En 1912, les frères Flores Magón avaient subi une nouvelle arrestation avec Librado Rivera et Anselmo Figueroa. En 1916, Ricardo est accusé d’avoir écrit des articles contre le président mexicain Venustiano Carranza et est de nouveau arrêté. Deux ans plus tard, il publie un manifeste du Conseil d’organisation du Parti libéral mexicain, ce qui met le gouvernement très mal à l’aise. Ils restèrent prisonniers jusqu’en août 1918, lorsqu’un comité chargé de promouvoir leur libération, pressé par Emma Goldman et Alexander Berkman, réussit à réunir l’argent de la caution. Cependant, cette même année, il avait publié dans Regeneración ainsi que Librado Rivera, un manifeste adressé aux anarchistes du monde, tous deux emprisonnés à nouveau et condamnés à vingt ans de prison, accusés d’avoir saboté l’effort de guerre des États-Unis, qui participaient alors à la Première Guerre mondiale. Ricardo est mort en prison, tandis que Librado Rivera est retourné au Mexique. En fait, il est officiellement décédé à la prison de Fort Leavenworth d’un arrêt cardiaque, bien qu’après avoir traversé les situations de santé les plus douloureuses au cours des quatre dernières années de sa vie. Il existe même une version proche du cercle familial de Ricardo Flores qui assure son meurtre en raison de sa persistance à continuer de publier des écrits antigouvernementaux.

L’ouvrage compilé intitulé « Revolutionary and Intimate Epistolary » rassemble une sélection de quatre-vingt-huit lettres écrites de prison aux États-Unis entre 1919 et 1922 par cet anarchiste mexicain. Ces lettres comprennent des correspondances d’écrits fondamentalement politiques, et d’autres non moins politiques, mais qui nous permettent également de voir la partie la plus personnelle de Ricardo Flores Magón dans ses dernières années de vie.
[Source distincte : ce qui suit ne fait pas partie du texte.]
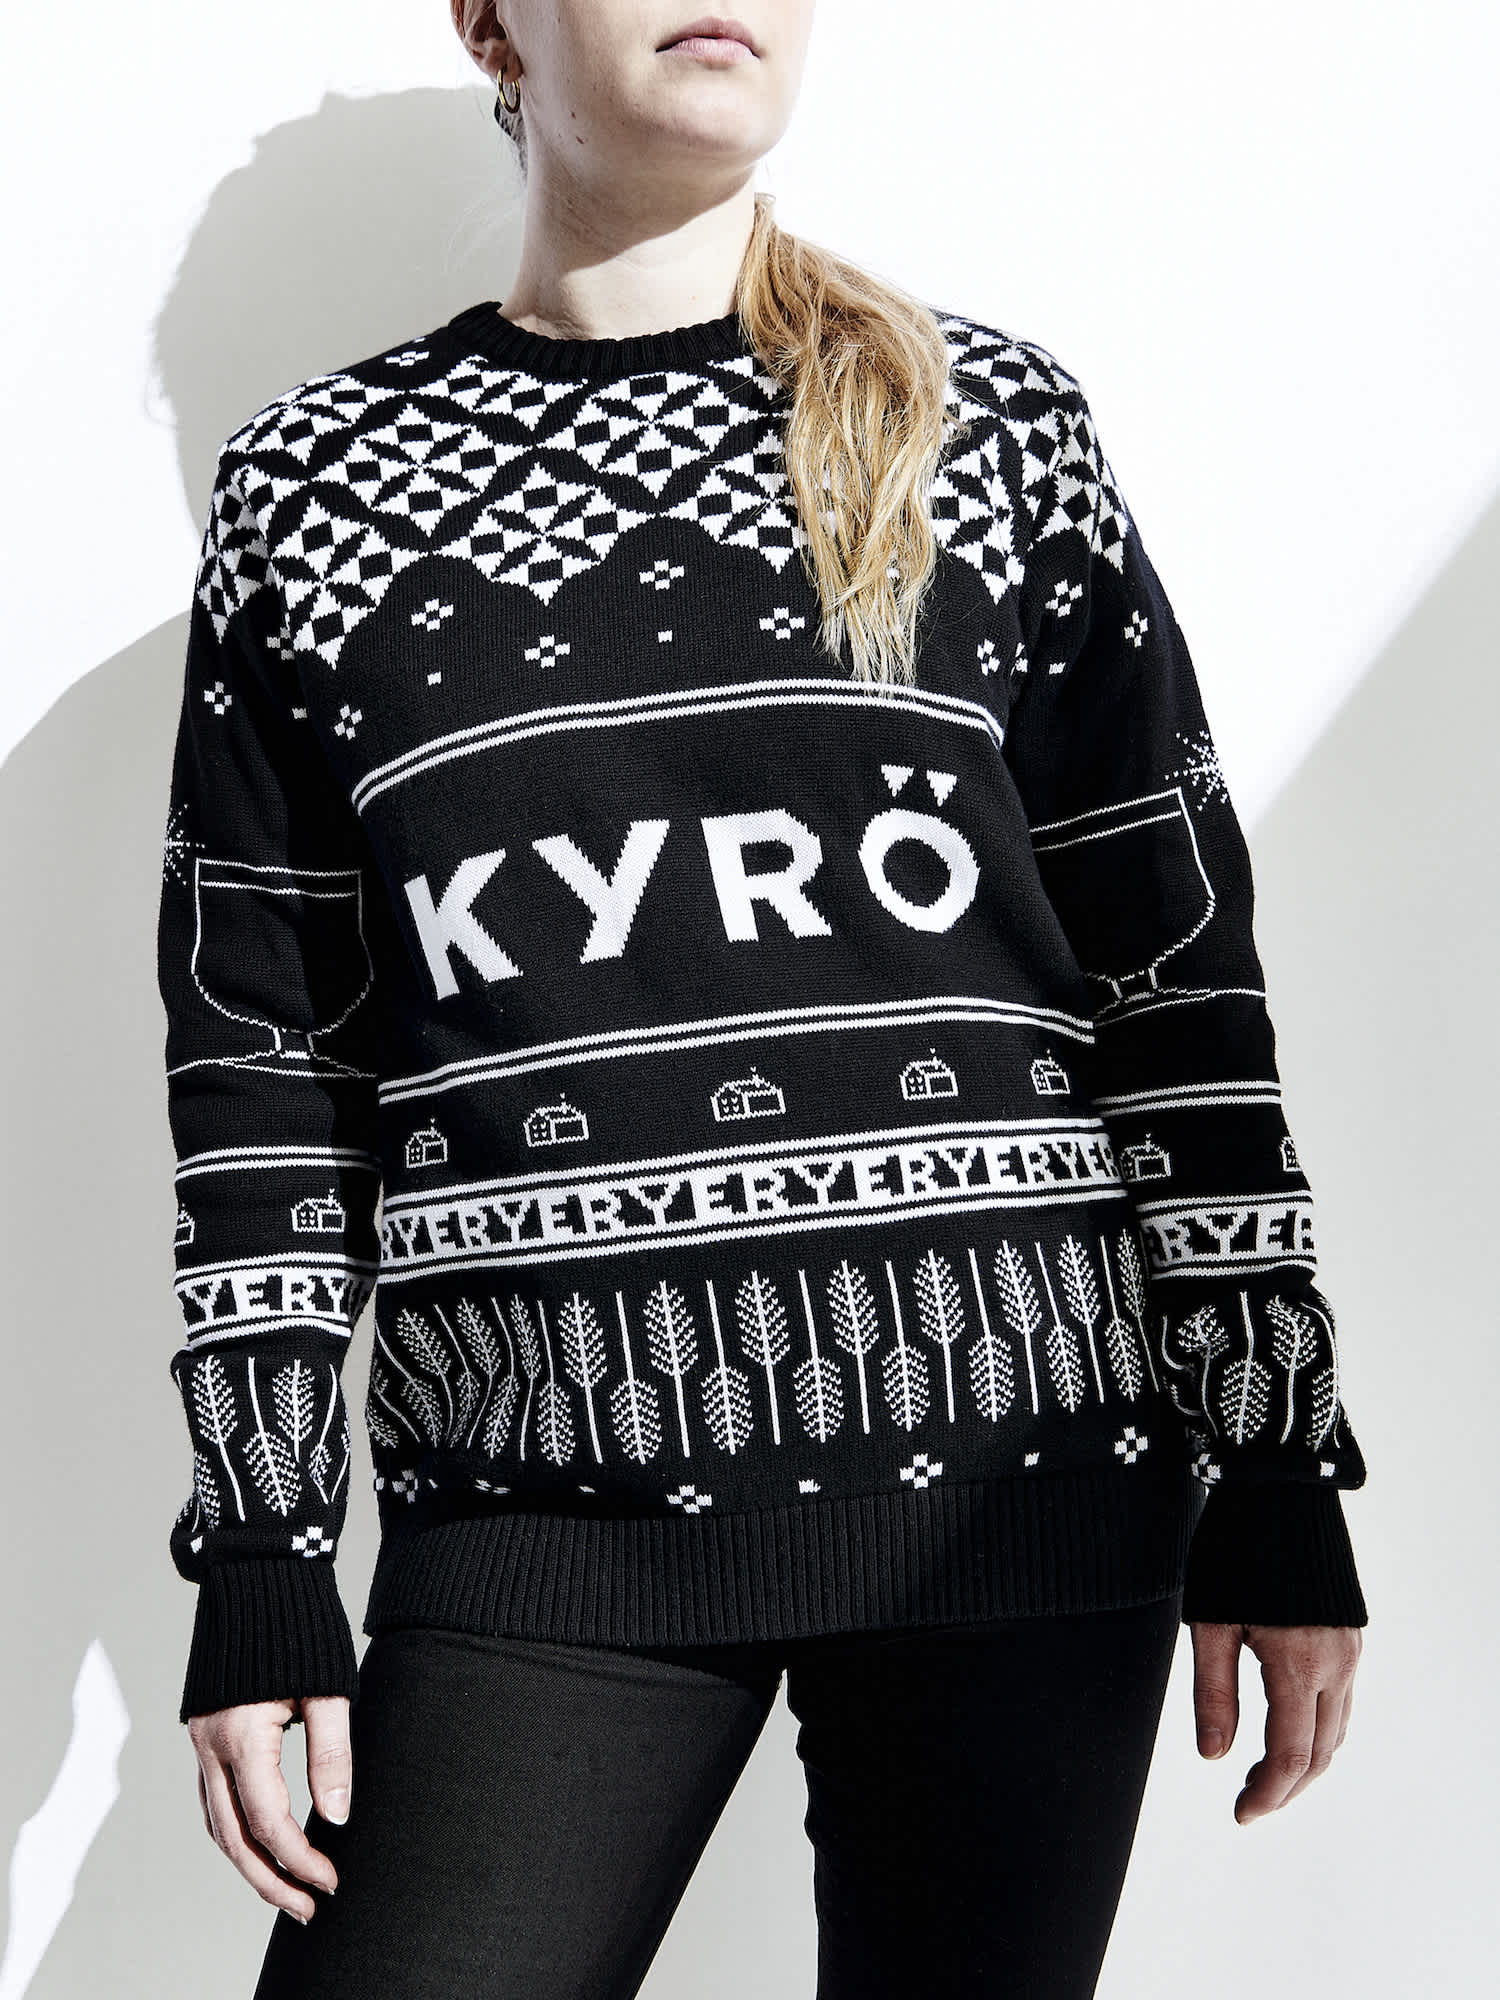 White, female model wearing a black sweater decorated in white, graphic, Christmas illustrations and a big, large Kyrö logo across the chest.

En particulier, les épîtres avec María Talavera Brousse, compagne de Flores Magón, originaire d’Ensenada dans le territoire mexicain de Basse-Californie, et exilée dans différentes villes du sud des États-Unis, se démarquent. Bien que leur correspondance mutuelle ait déjà commencé en juillet 1906, leur relation sentimentale couvait depuis de nombreuses années.

Elle et sa fille d’un précédent mariage, Lucía Norman, étaient des femmes d’armes, puisque mère et fille se sont consacrées au militantisme anarchiste au Mexique et aux États-Unis au cours des premières décennies du XXe siècle. Dans les manifestations politiques réprimées par les forces de police, elles se sont défendues avec de longues épingles qu’elles portaient dans leurs chapeaux. En outre, toutes deux ont été impliquées dans la sortie clandestine de documents de la prison lors de leurs visites à Ricardo Flores. Il est tout à fait nécessaire pour nous de conclure cet article en mentionnant ce travail comme un héritage posthume, et le travail du partenaire de Ricardo Flores, car le soutien, les soins et les relations personnelles qui sont générés influencent également l’impulsion révolutionnaire de personnages comme lui. Ricardo Flores a édité de nombreux journaux, magazines, œuvres littéraires et théâtrales, Il a participé à des grèves et à des émeutes ouvrières, également à la révolution mexicaine, et a subi la répression pour son action politique. Une référence mexicaine dans l’anarchisme international, une stratégie indomptable et un cœur rebelle.